A few people tried. They took a few steps but then came back, and said, “It is dangerous.”

The enlightened mystics teach us to live our life with full intensity. But most of us conduct our lives as if in a daze. Real awakening needs a certain intensity. Lack of intensity creates boredom. It is only sometimes when we are face to face with a dangerous situation that we become fully awake.

There is a story of a Sufi mystic, Bayazid, who used to talk to his disciples about awareness, and they would ask, “What is awareness? You keep on talking about it.” One day he took them to the river. On both sides, there was a small hill. He said, “We are going to put a long wooden bridge — just one foot wide — from this end to the other, and you have to walk on it. And then you will know what awareness is.” They said, “But we have been walking our whole life, and we have never come to know.”

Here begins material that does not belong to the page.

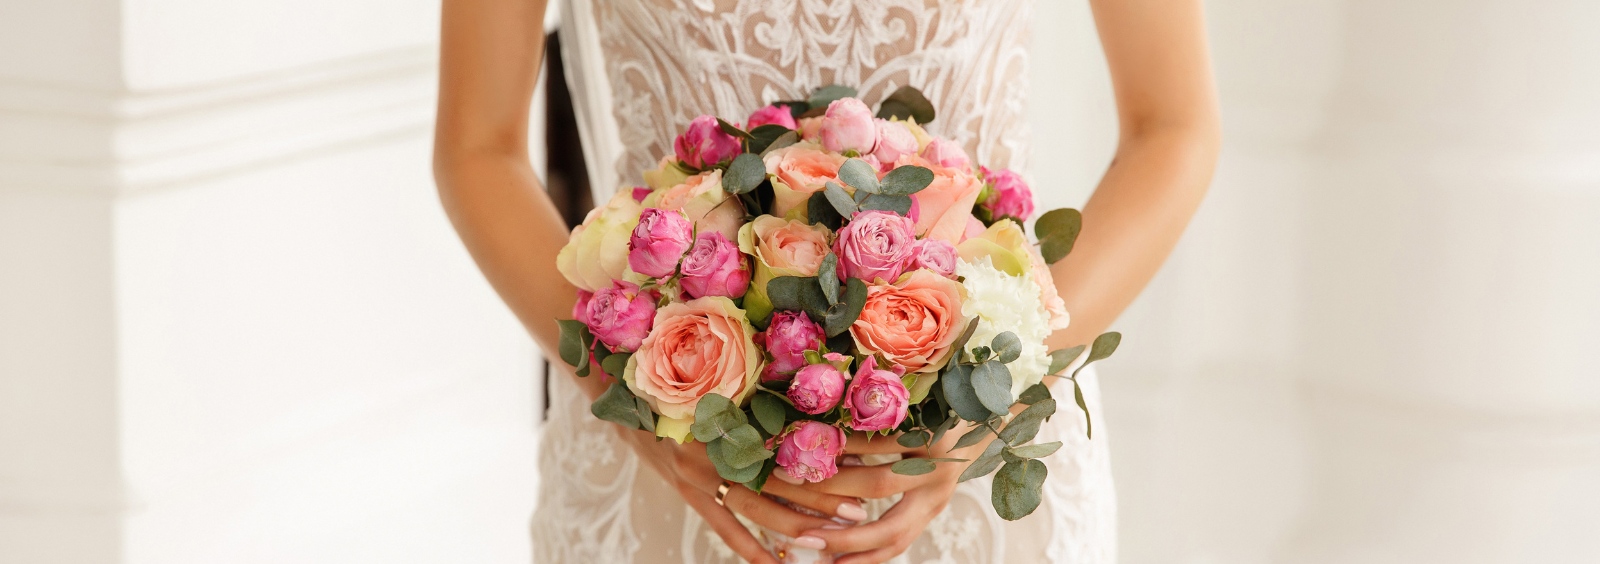 A bride holding flowers in front of her dress.
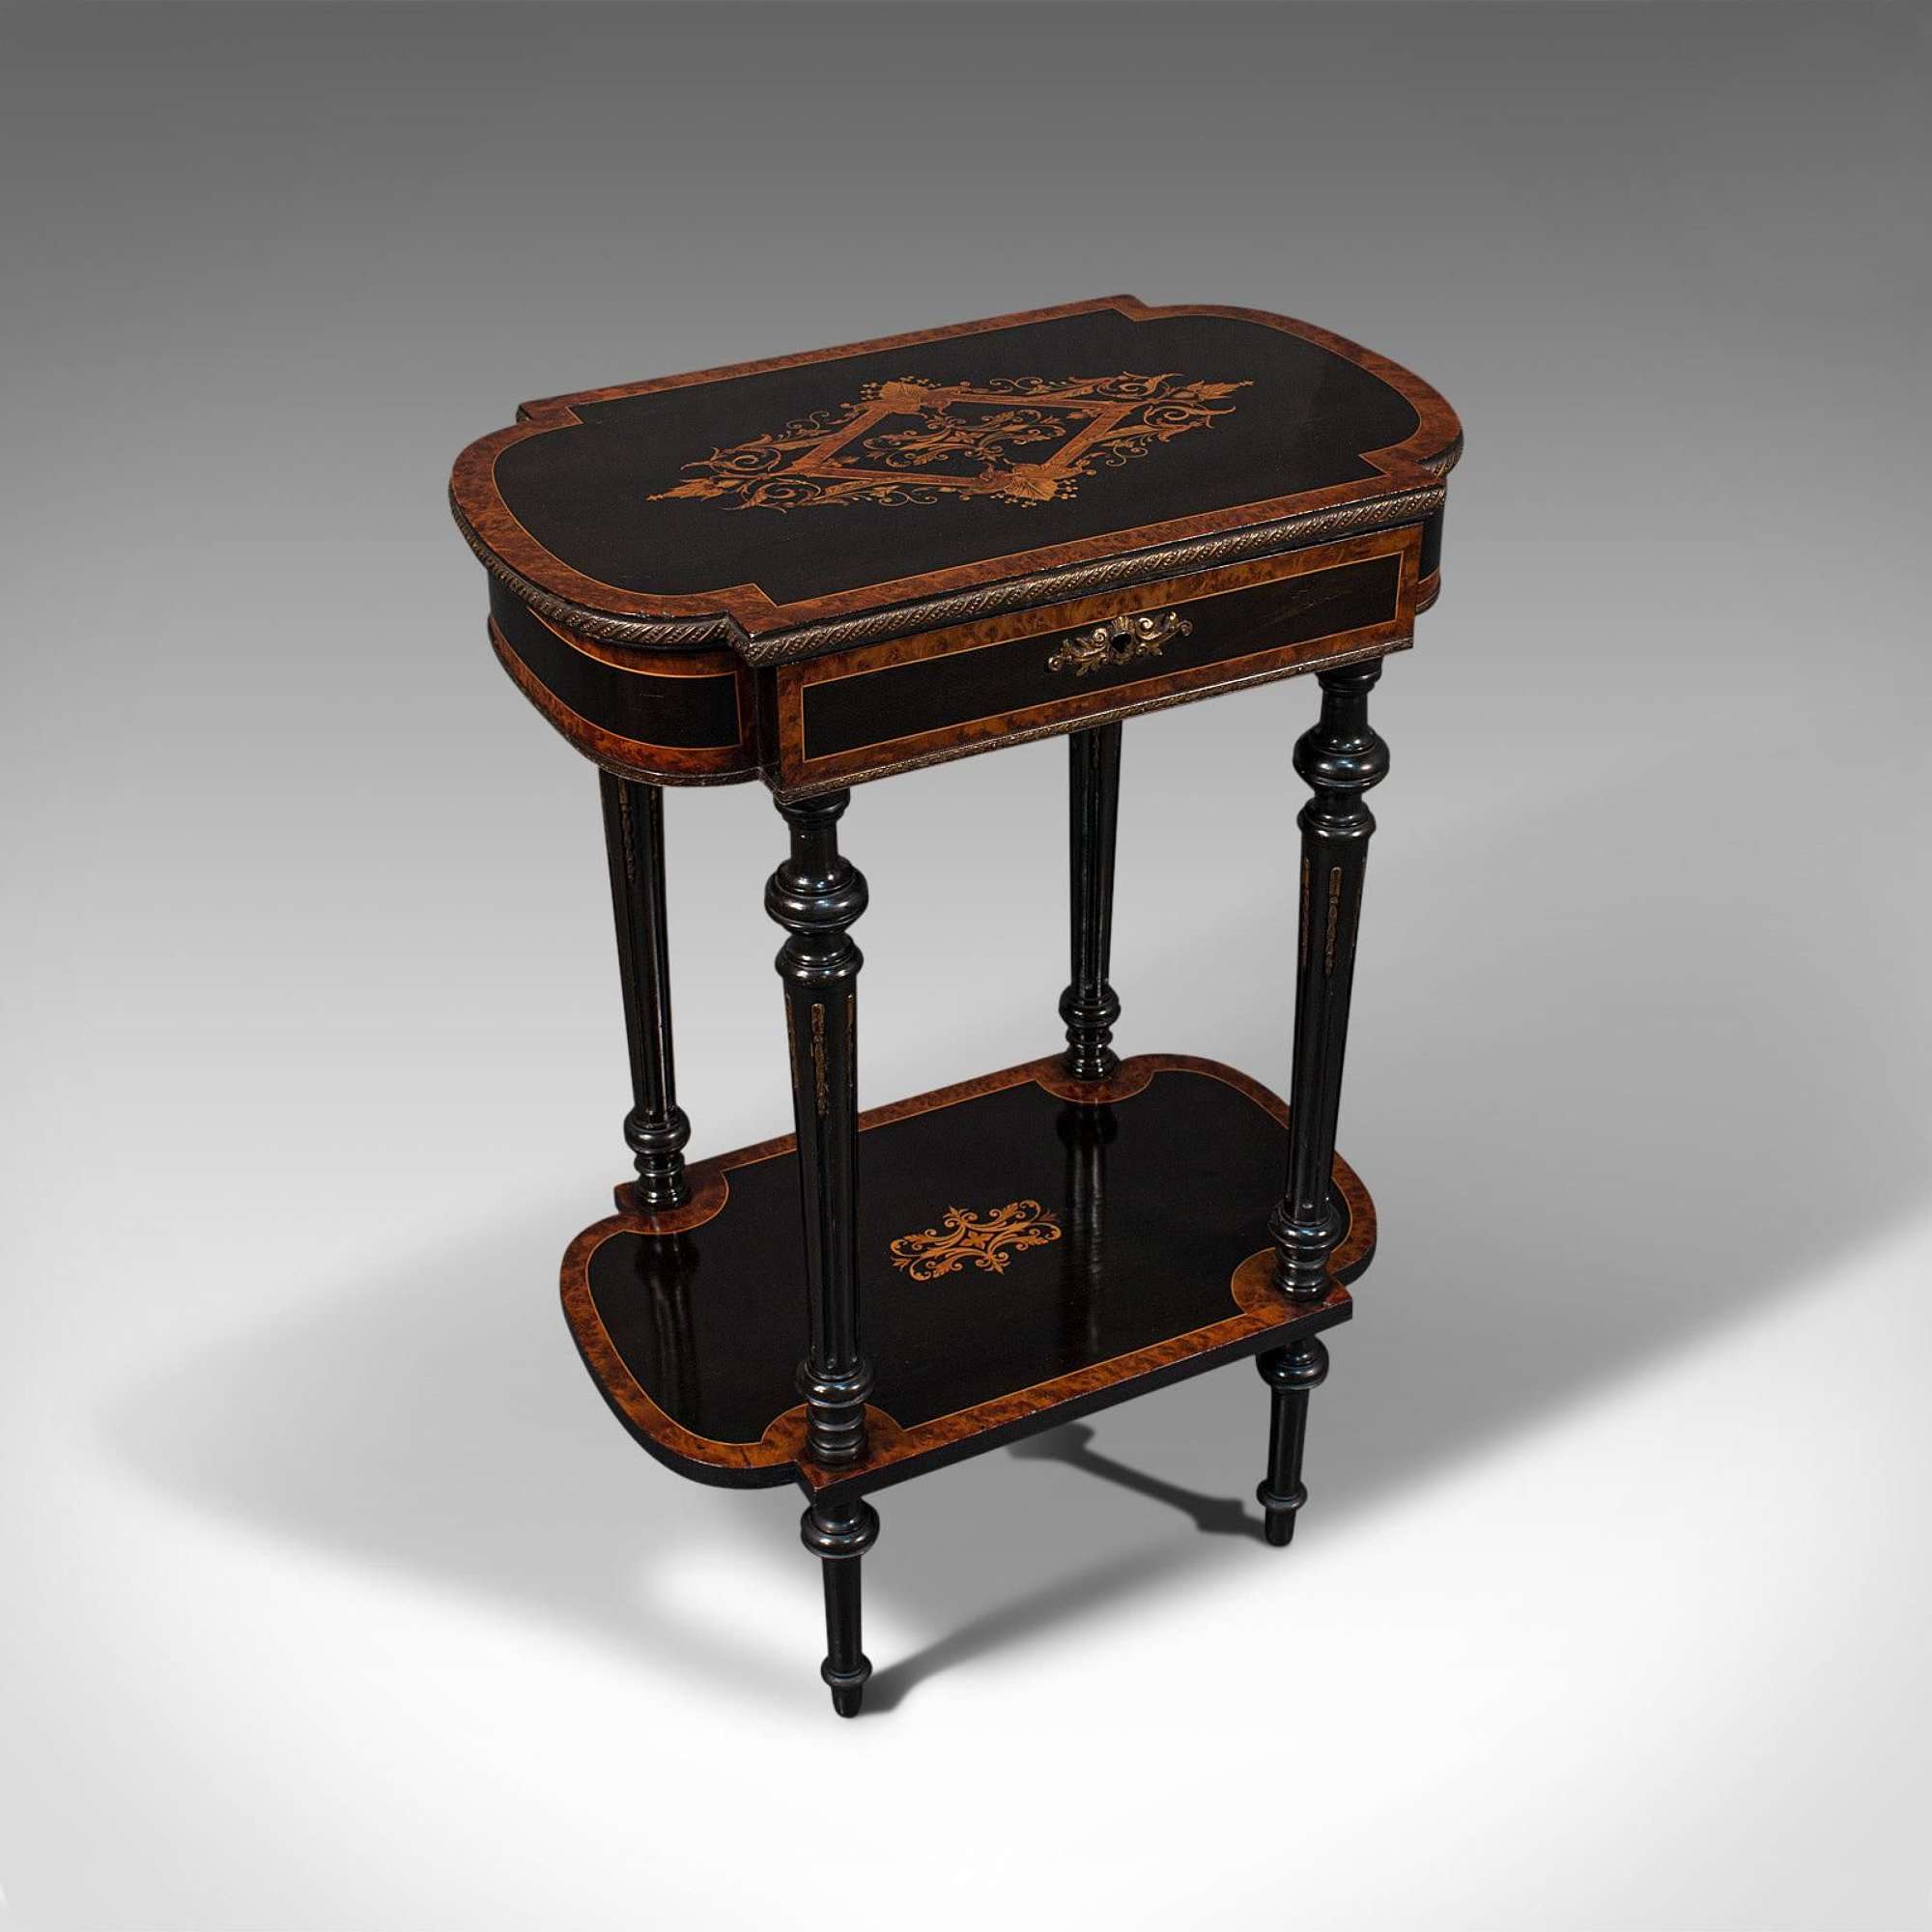 Antique Napoleon Iii Side Table, French, Etagere, Burr Walnut, Sewing C.1870

He said, “Wait,” and he did the experiment. Many of them, who became scared, said: “We cannot walk. Just one foot wide?”

“But how much do you need to walk on? When you are walking on the earth, you can walk on a one-foot-wide strip easily. Why can’t you walk on a one-foot-wide strip hanging between two hills?” he asked his disciples.

A few people tried. They took a few steps but then came back, and said, “It is dangerous.” Then Bayazid walked and a few followed him. When they reached the other side, those who followed him fell at his feet and said, “Master, now we know what awareness is. The danger was so much that we could not afford to walk in slumber. We had to be alert. Any wrong step and we would have gone forever.”

Osho says: “Awareness means an intensity. Such an intensity of wakefulness that no thought interferes with. You are simply conscious without any thought. Try it. You can try it anywhere. While walking on the road, every moment is danger. Here, every moment is risky as it can turn into death. You are all crossing the plank with a mountainous burden on you; just a small slip and you are gone. You have to be alert, so alert that no other energy is left in you, everything has become just a flame of awareness.”

Bayazid was asked several times who was his guru. He would reply that he had no guru. He said: If I had only one guru, I would not have been able to learn so much. The most important thing is that I remained a learner, a disciple, my whole life, and learned from everyone I met. I did not look for any special people to learn something, any ordinary person, even a small child or a thief could teach me something. I simply developed a certain attitude for learning from anybody and any situation. A pale dry leaf falling from the tree could teach me a profound lesson of life.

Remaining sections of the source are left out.